* [AIM OF THE TASK]: Your output should be the lines below from the one holding "Bernina Exclusive - Owlivia" through the one holding "MLS# 2312037 - 38", transcribed exactly, with no pictures.

[EXERCISE INPUT]

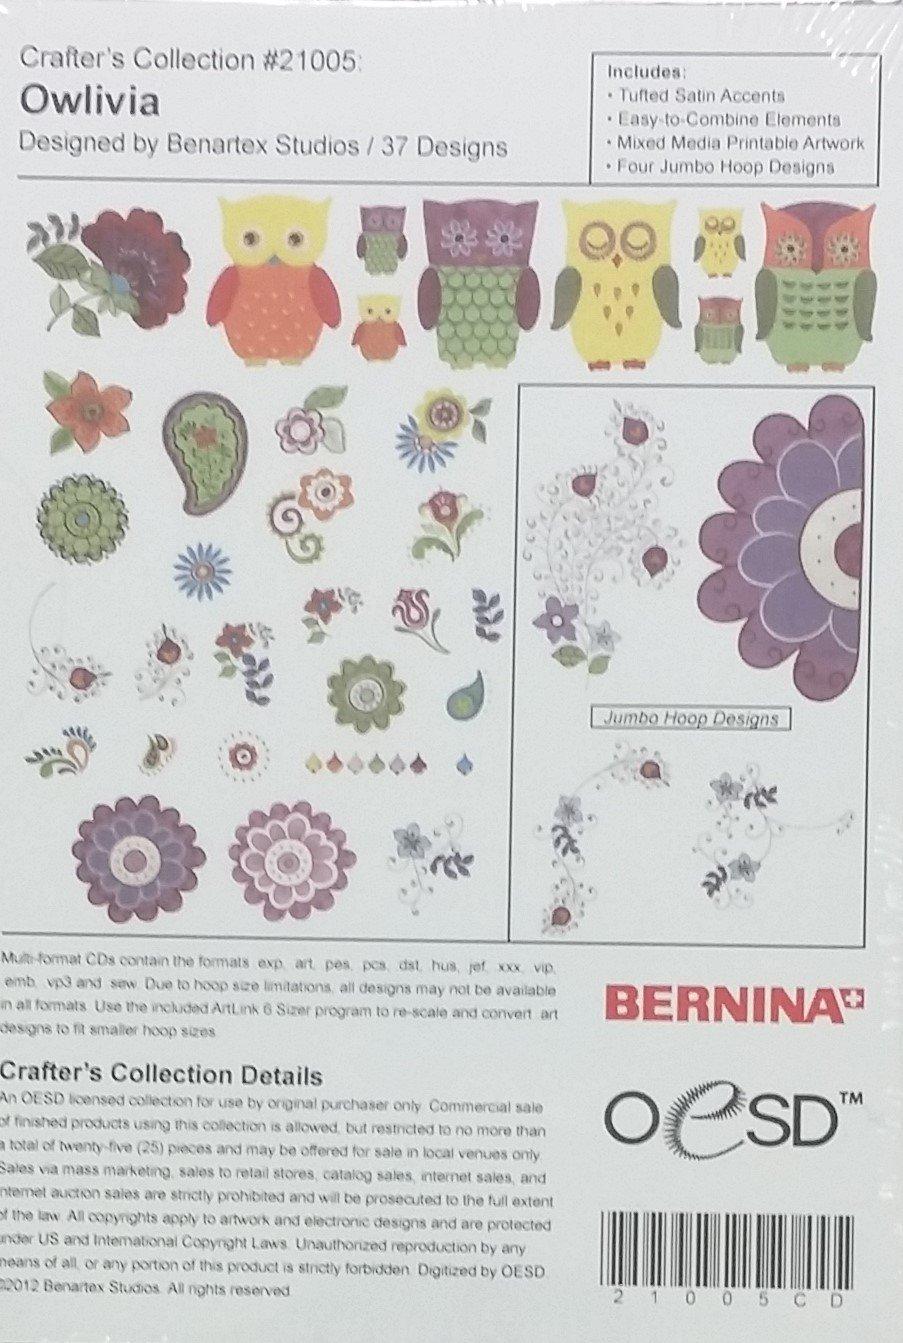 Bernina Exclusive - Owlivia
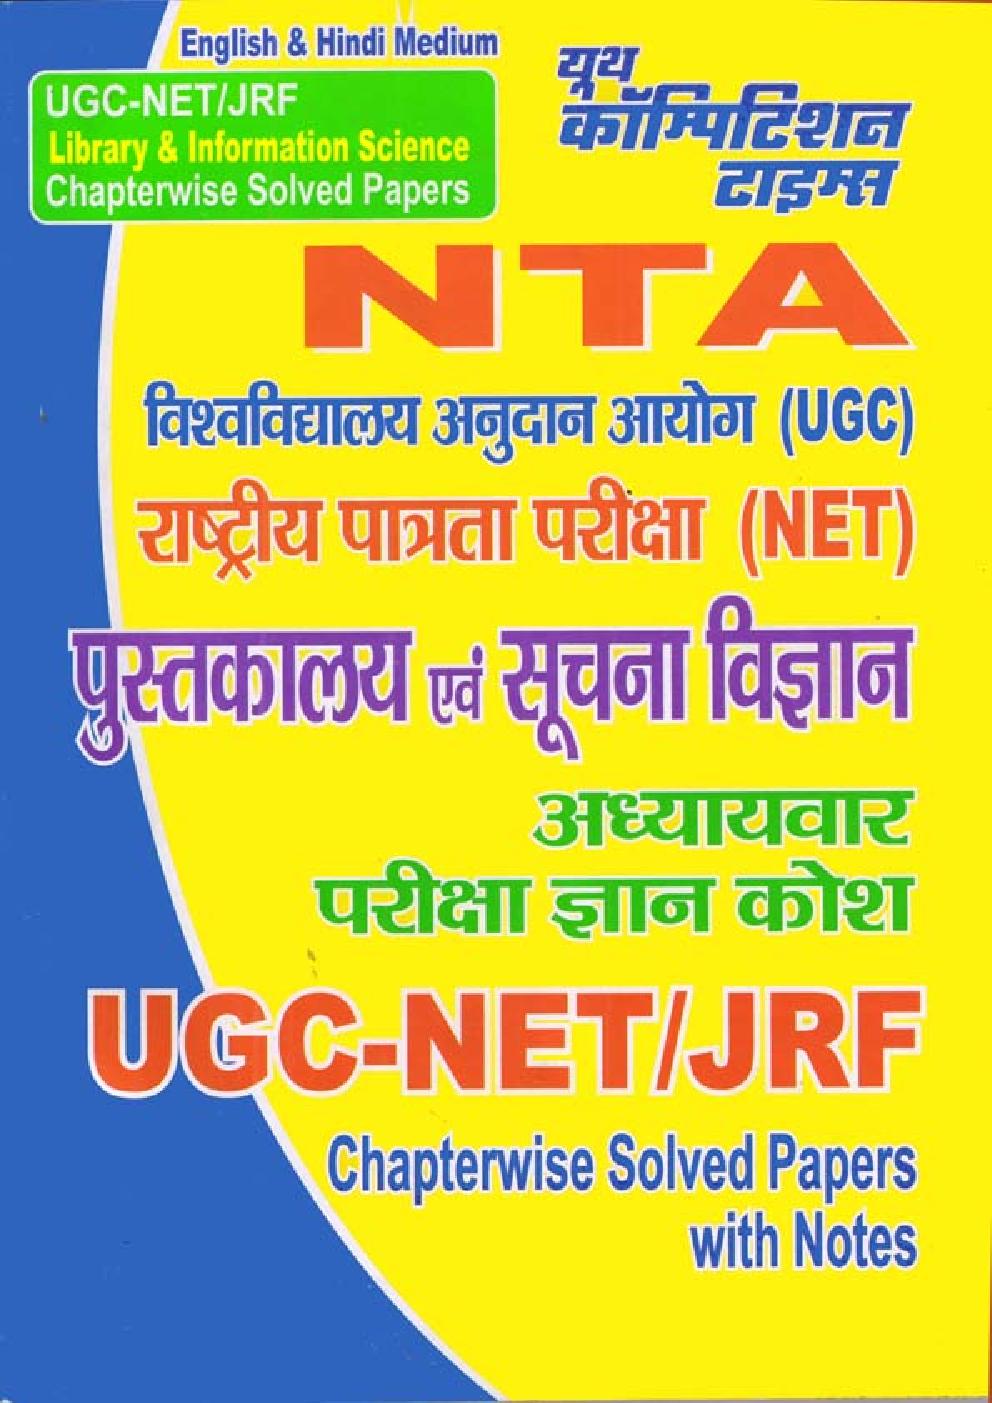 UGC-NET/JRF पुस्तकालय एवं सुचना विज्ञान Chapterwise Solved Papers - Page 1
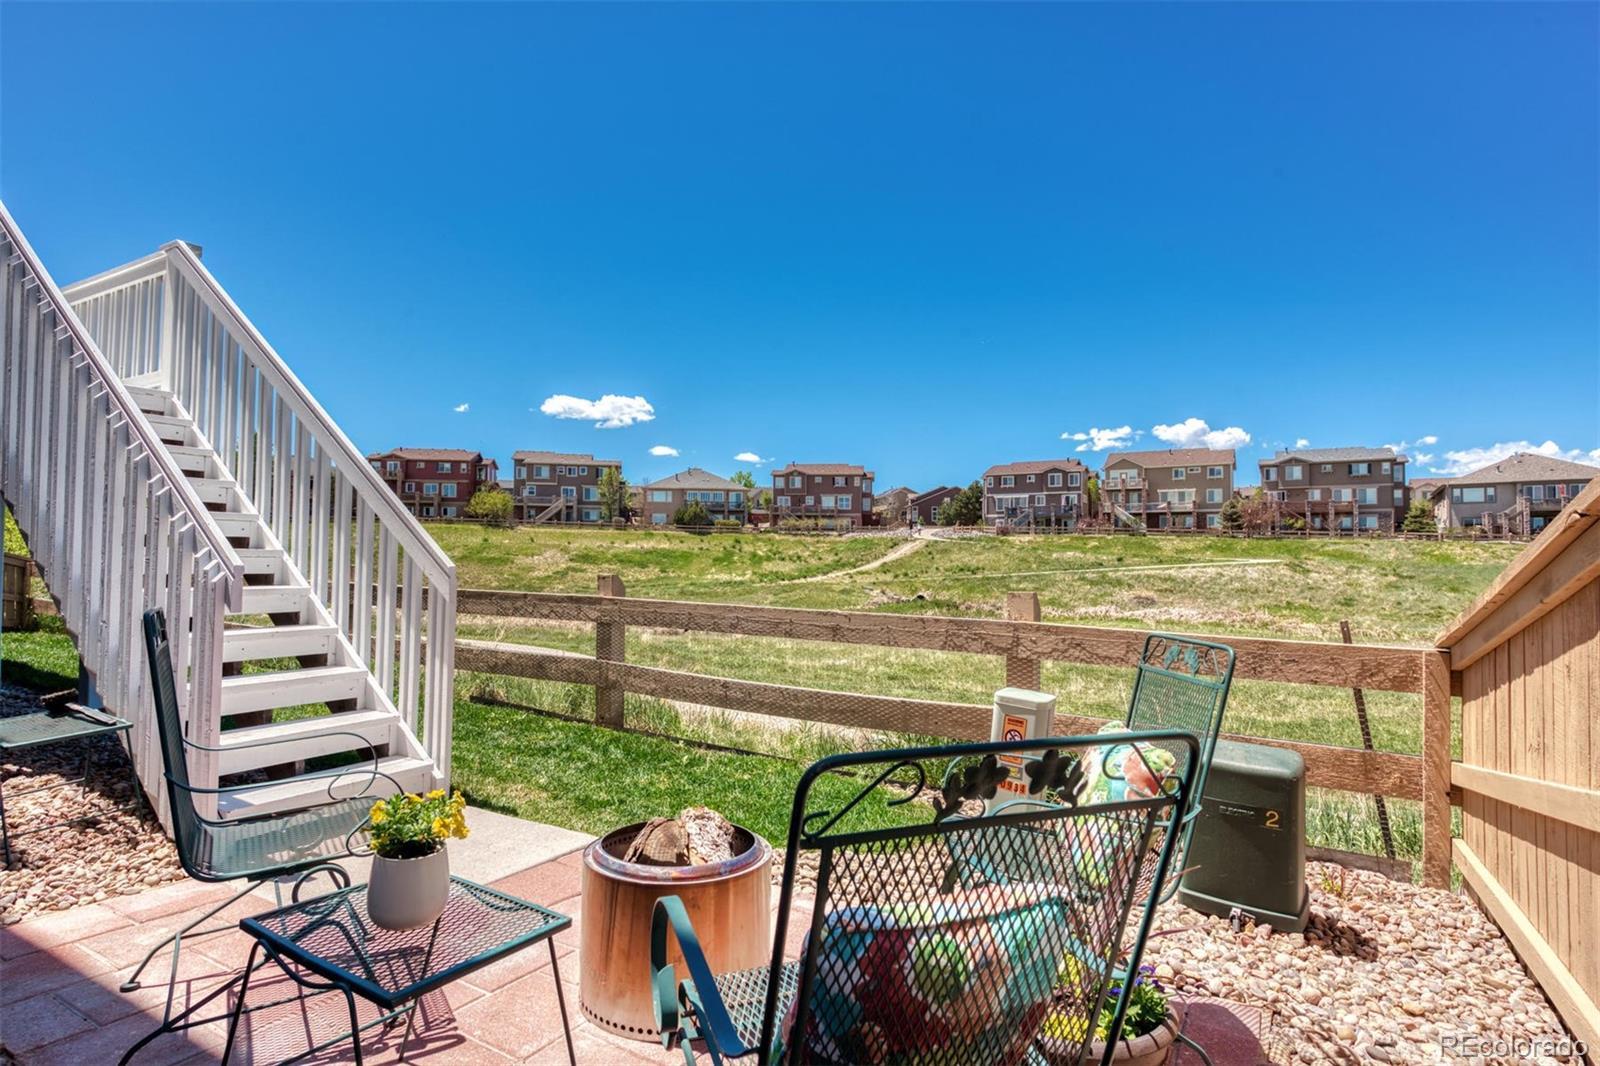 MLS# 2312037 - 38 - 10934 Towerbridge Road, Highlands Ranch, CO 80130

[/EXERCISE INPUT]
[EXERCISE INPUT]

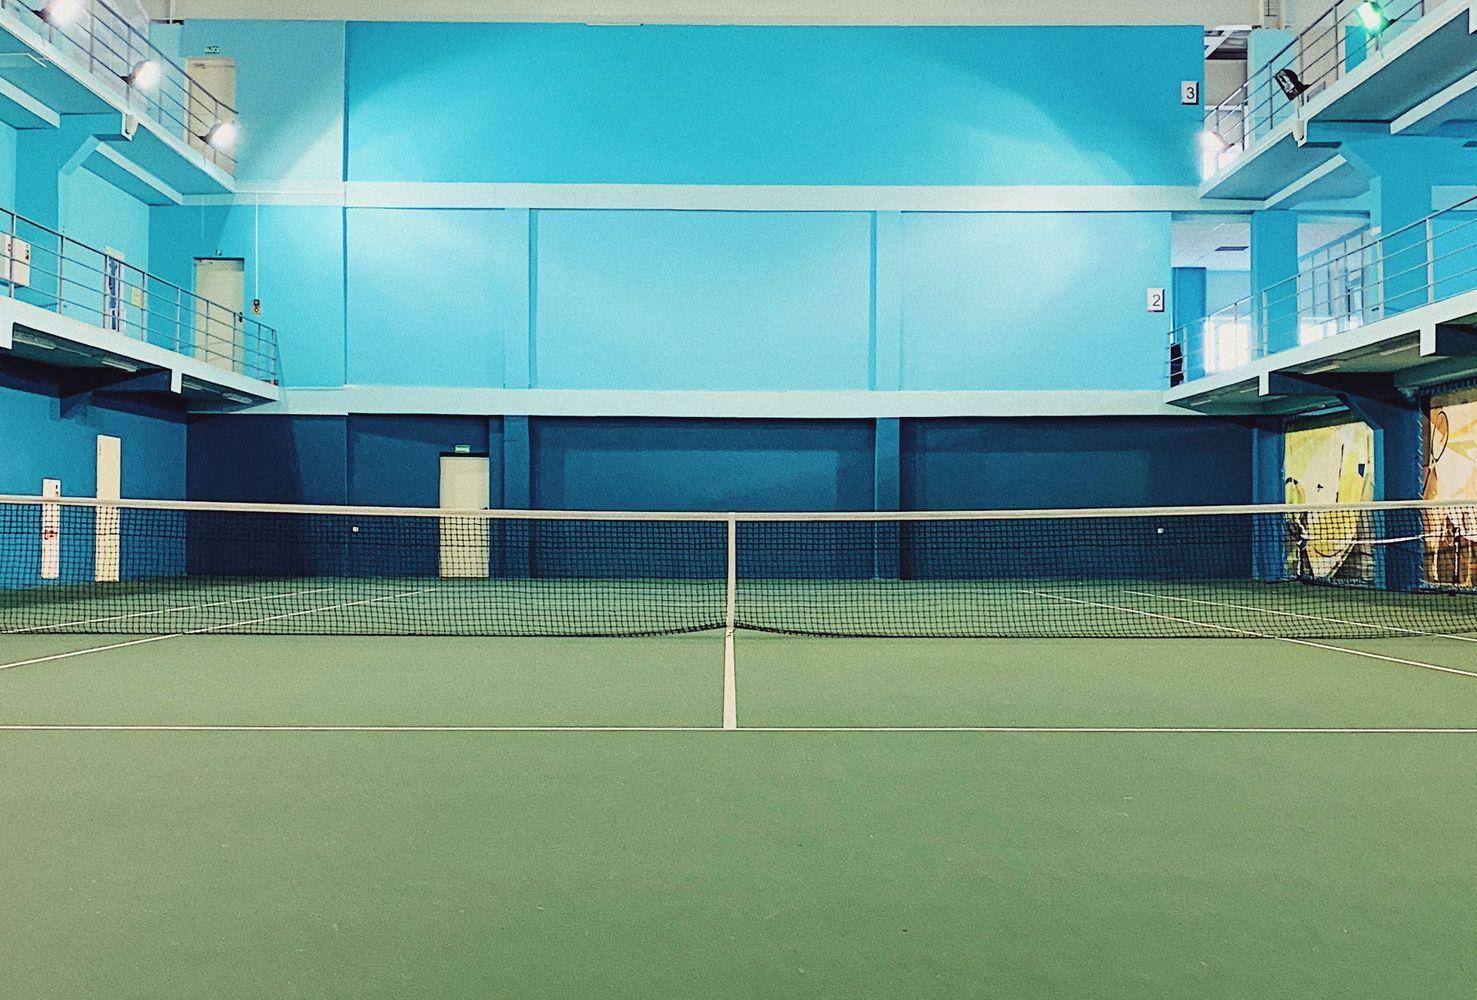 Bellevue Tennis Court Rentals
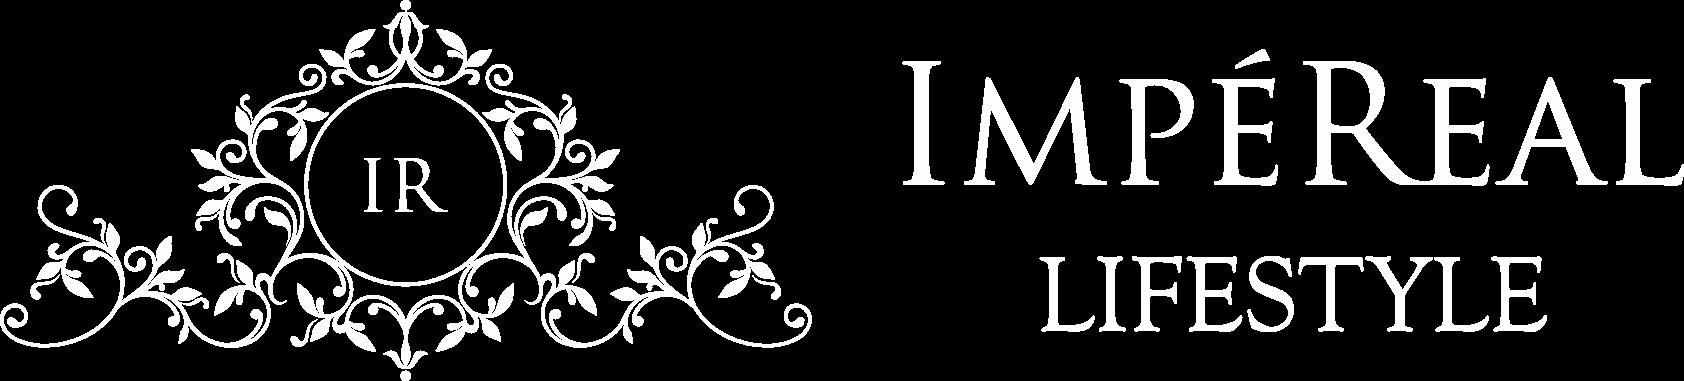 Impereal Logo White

[/EXERCISE INPUT]

* [RESULT OF THIS TASK]:
 Bernina Exclusive - Owlivia
 UGC-NET/JRF पुस्तकालय एवं सुचना विज्ञान Chapterwise Solved Papers - Page 1
 MLS# 2312037 - 38 - 10934 Towerbridge Road, Highlands Ranch, CO 80130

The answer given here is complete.